However, one thing that does confuse students, especially since it is given in the problem, is why the length of the ropes do not matter in the problem.Take the problem given above and imagine you were a small atom in the rope on the left.
However, one thing that does confuse students, especially since it is given in the problem, is why the length of the ropes do not matter in the problem.Take the problem given above and imagine you were a small atom in the rope on the left.Tags: Nursing Graduate School Entrance EssayEssays Written By Hamilton Madison And JayDefine ListhesisNursing As A Vocation EssayChild Care Business Plan TemplateEuropean History Research Paper TopicsProblem Solving In FractionGaston By William Saroyan EssayEssays On Car Ads
The poor atom is like a poor person stuck in a tug of war between two friends, each yanking on an arm in one direction.
Since the rope is not moving and is not tearing, these forces must be the same for every atom in the rope.
Well then the problem is no harder, it's just given us more busy work.
Notice that the components are completely horizontal or vertical, respectively.
So as because it's horizontal component would pointing in the negative direction.
Notice that negatives play no role in the magnitude of the vector.

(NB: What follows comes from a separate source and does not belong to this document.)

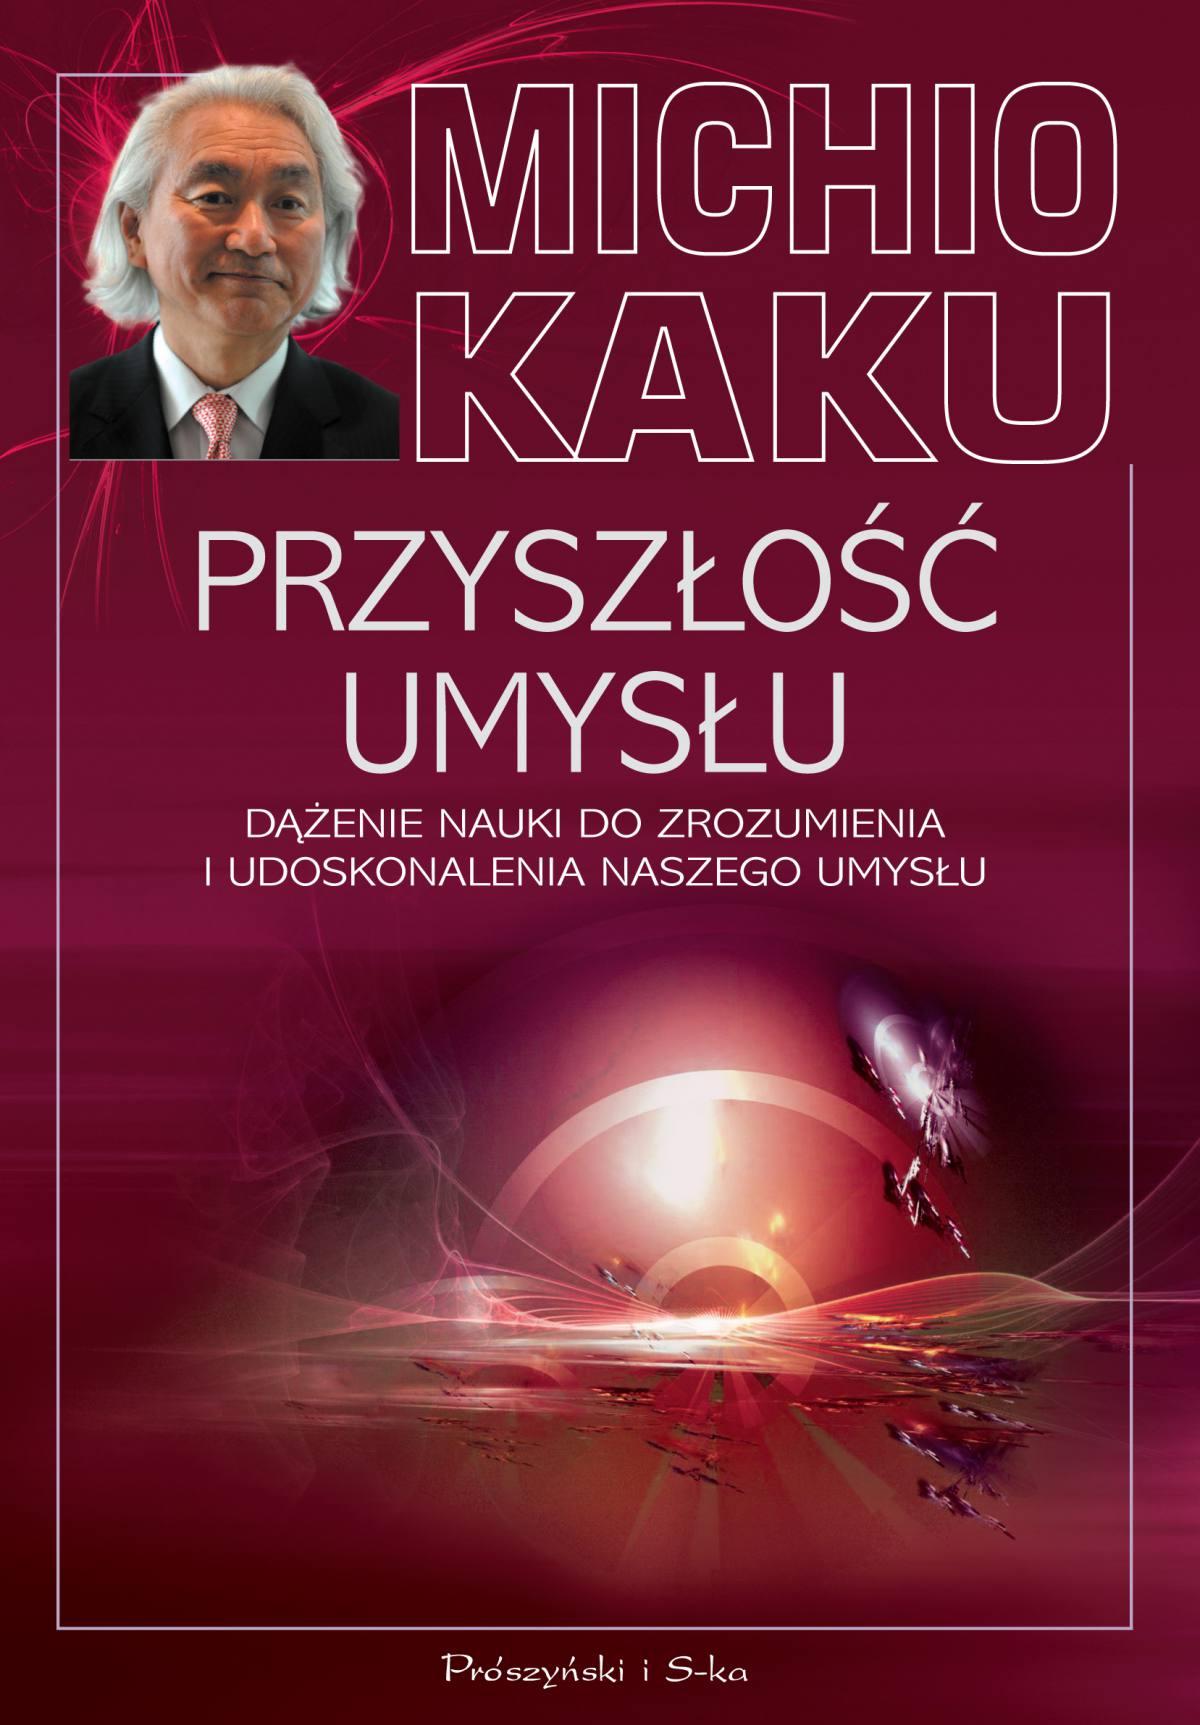 Przyszłość umysłu. Dążenie nauki do zrozumienia i udoskonalenia naszego umysłu - Ebook (Książka EPUB) do pobrania w formacie EPUB

After all, exerting a fixed amount of force in a direction should be the same force no matter what direction you decide to face!The atoms in the object 'pull back' resulting in tension because they form a nice stable substance, all bound together or attracted to one another, and do not want to be moved but left in equilibrium.In reality, small differences in the tension an object feels cause shredding because some atoms are pulled in one direction more than others so they move.As in the discussion above, let's draw in the components of each vector. So the forces in the horizontal and vertical directions must be equal.We label the vertical and horizontal components of each with a angle and the bottom right angle of the triangle are alternate interior angles of the transversal and must be congruent. Vertical Direction: In the vertical direction, the only forces upwards are from the vertical components of the rope (which from above discussion, we now know how to find! So the force upwards must be Horizontal Direction: In the horizontal direction, we only have the forces of the left rope and the right rope pulling the weight to the left/right.This 'reactionary' pullback force is tension in the rope. [Notice the rope feels this force but does not exert it in a direction.The rope is not pulling, so there is no true direction to this, hence why tension is not a true force.] This is all one needs to know about tension to understand how to do the problems involving tension in Calculus III.Tension is a result of Newton's Three Laws, which summed up rather loosely are 1st Law: An object with no external force acting on it does not change velocity.2nd Law: 3rd Law: Every force has an equal and 'opposite' force - a reaction force. Well if I pulled on a rope tied to a tree with 100N of force, the rope 'pulls back' with 100N of force.Meaning, when you push a book diagonally across a table, your force vector is diagonal and the book moves diagonally.However, your diagonal force vector has two components: a vertical and horizontal one.